What to Know
- Giants fans are back at Oracle Park this season, and so are the seagulls that arrive after every game to eat the food they leave behind
- The birds often begin circling the ballpark while the game is still going on, and can become aggressive if it goes into extra innings
- Baseball season coincides with breeding season for gulls, and experts say that could play a big role in their feeding behavior
As the first notes of the national anthem rang out from Oracle Park one evening in May, a lone seagull glided past the waving "Giants" flag on the ballpark's northernmost turret, announcing its presence with a jarring squawk.
The birds are well known to Giants fans — especially those who sit in the left field bleachers, just steps from the ballpark's famed food court, with a clear view of the sky. The gulls begin assembling toward the end of every game, eagerly waiting to chow down on hot dogs, garlic fries and nachos.

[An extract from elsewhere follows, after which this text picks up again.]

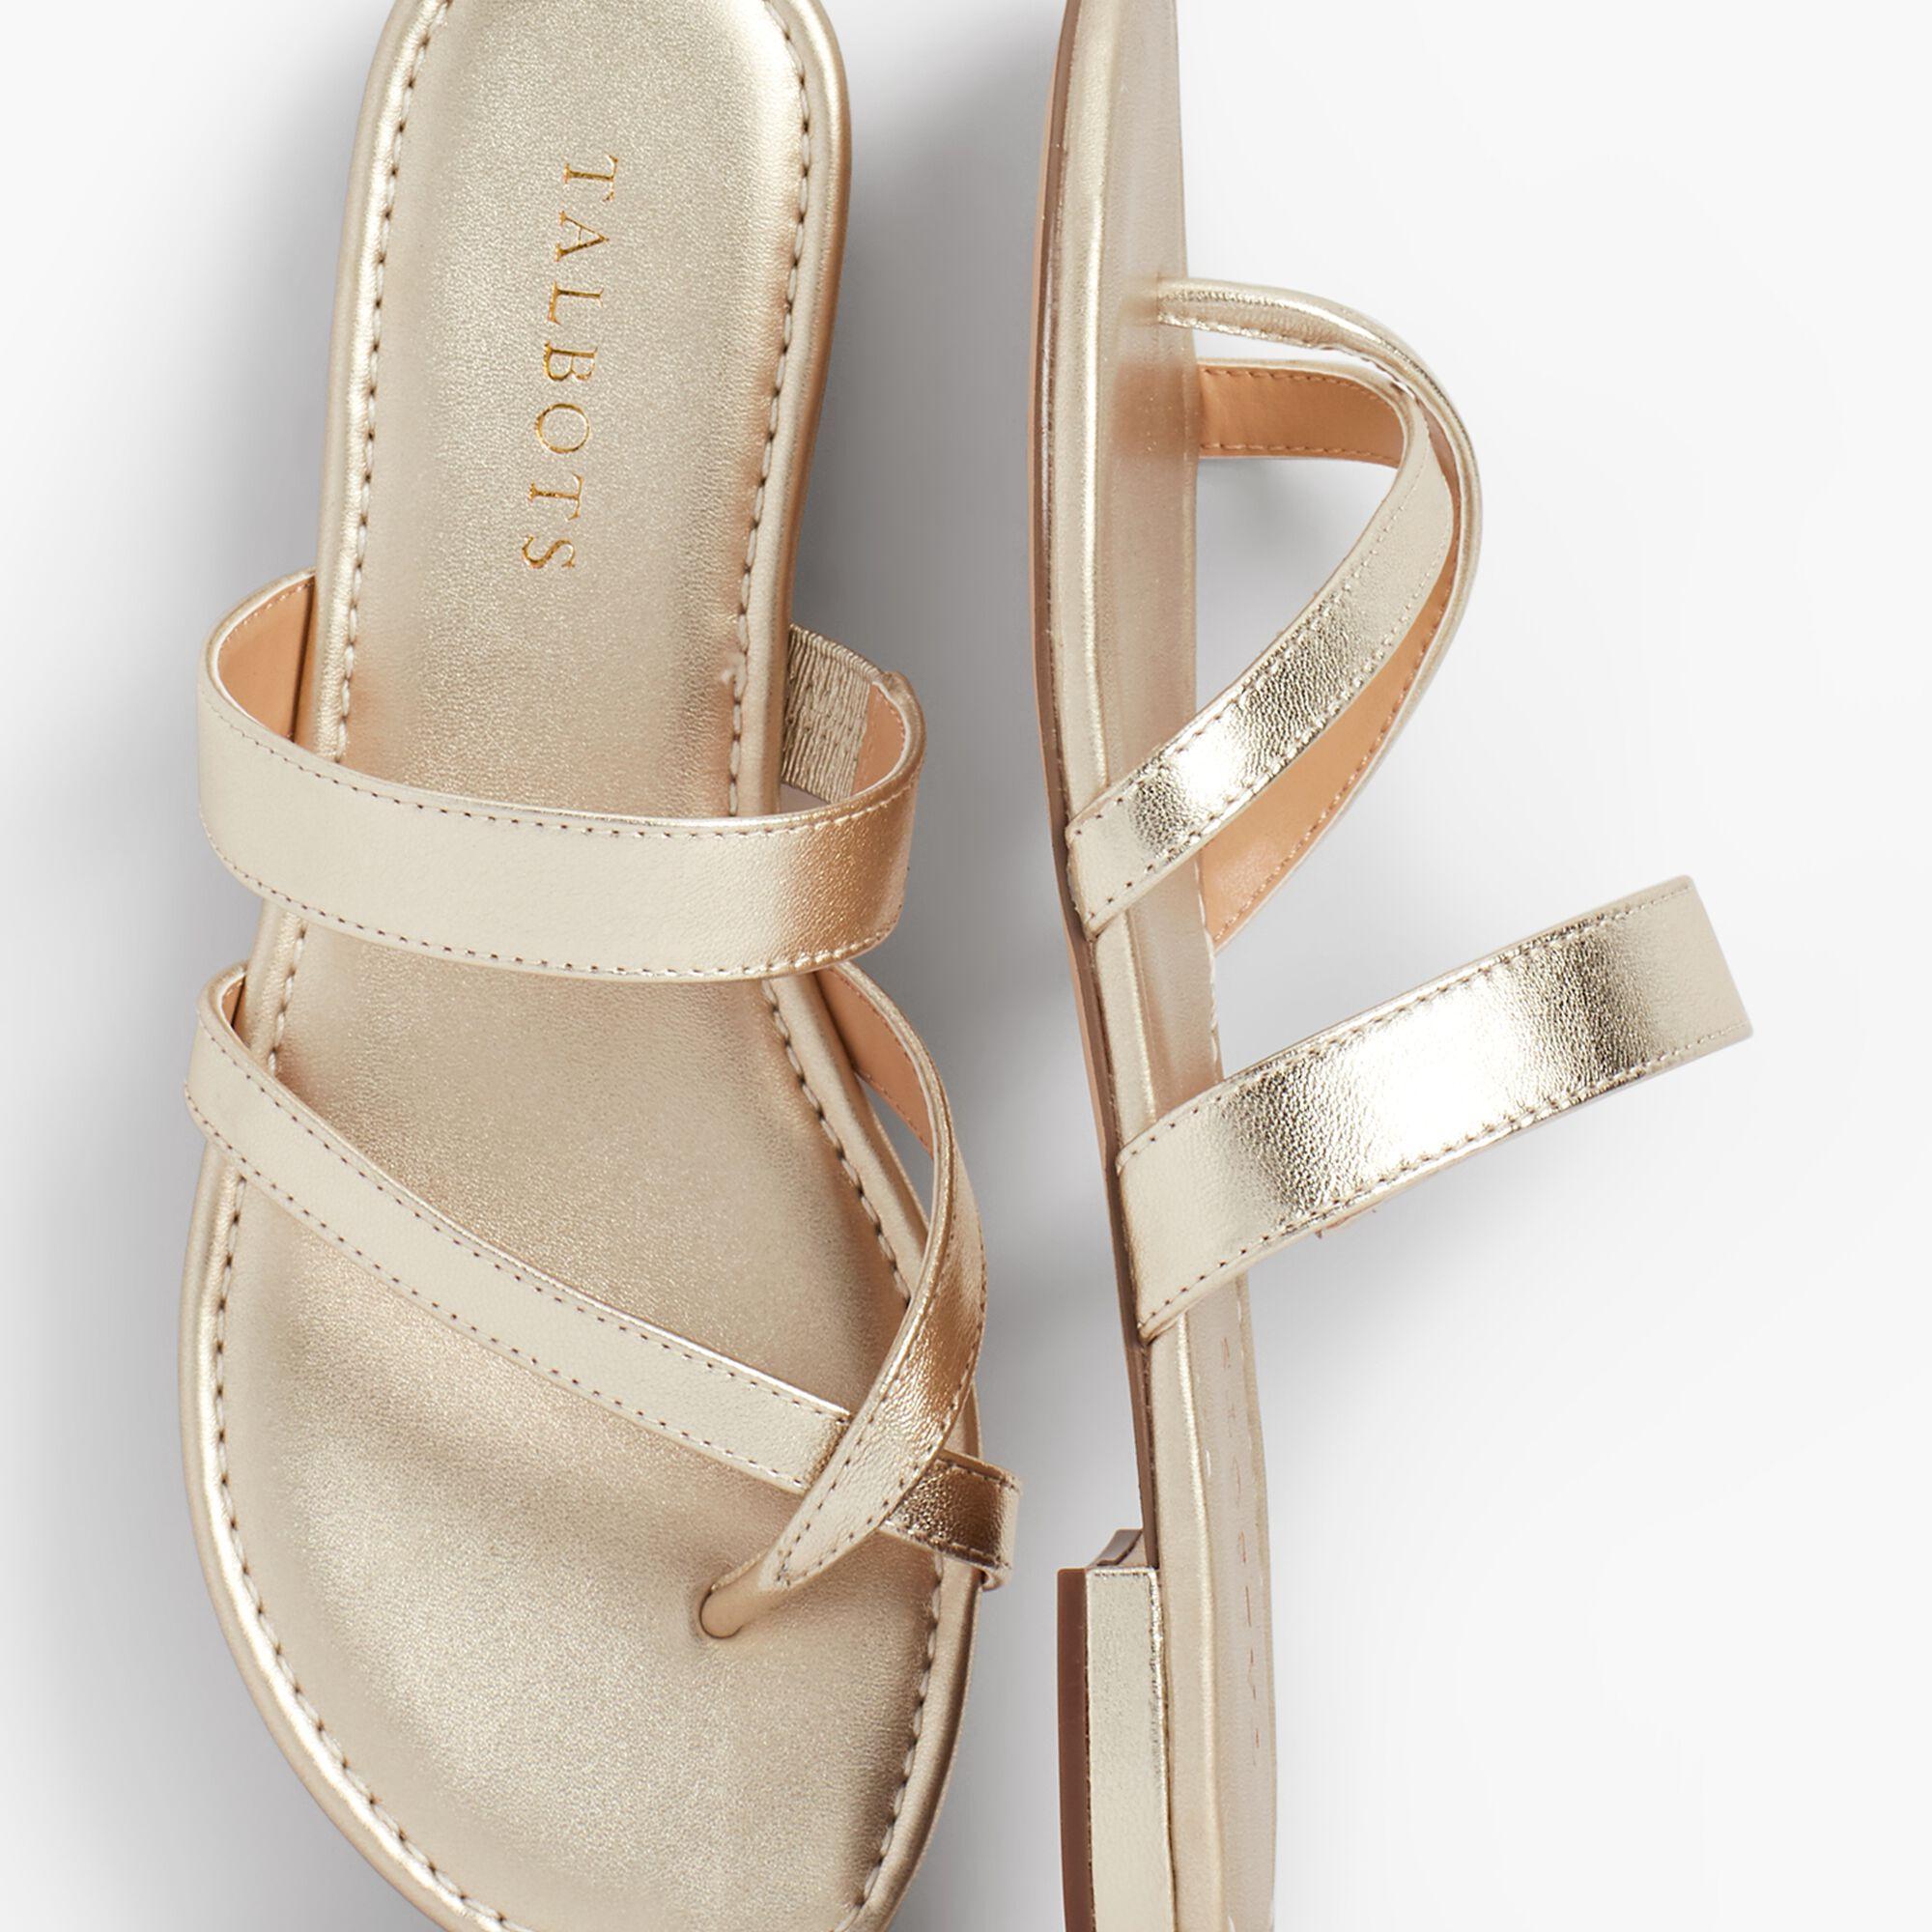 08f959d4da7 Images. Gia Toe-Ring Sandals - Metallic Nappa

"They're vultures," remarked one fan, clearly not concerned that gulls and vultures are hardly related.
"They're just rats with wings," said another, who could've just as easily been talking about pigeons.
Here Since the Beginning
Sports
Whatever you call them, the birds showed up on the very first day the Giants played at the waterfront venue that opened as Pac Bell Park in 2000, and they've been coming to games ever since.
"They're not here when we don't play," said Giants Chief Venue Officer Jorge Costa. "It's like they know the damn schedule!"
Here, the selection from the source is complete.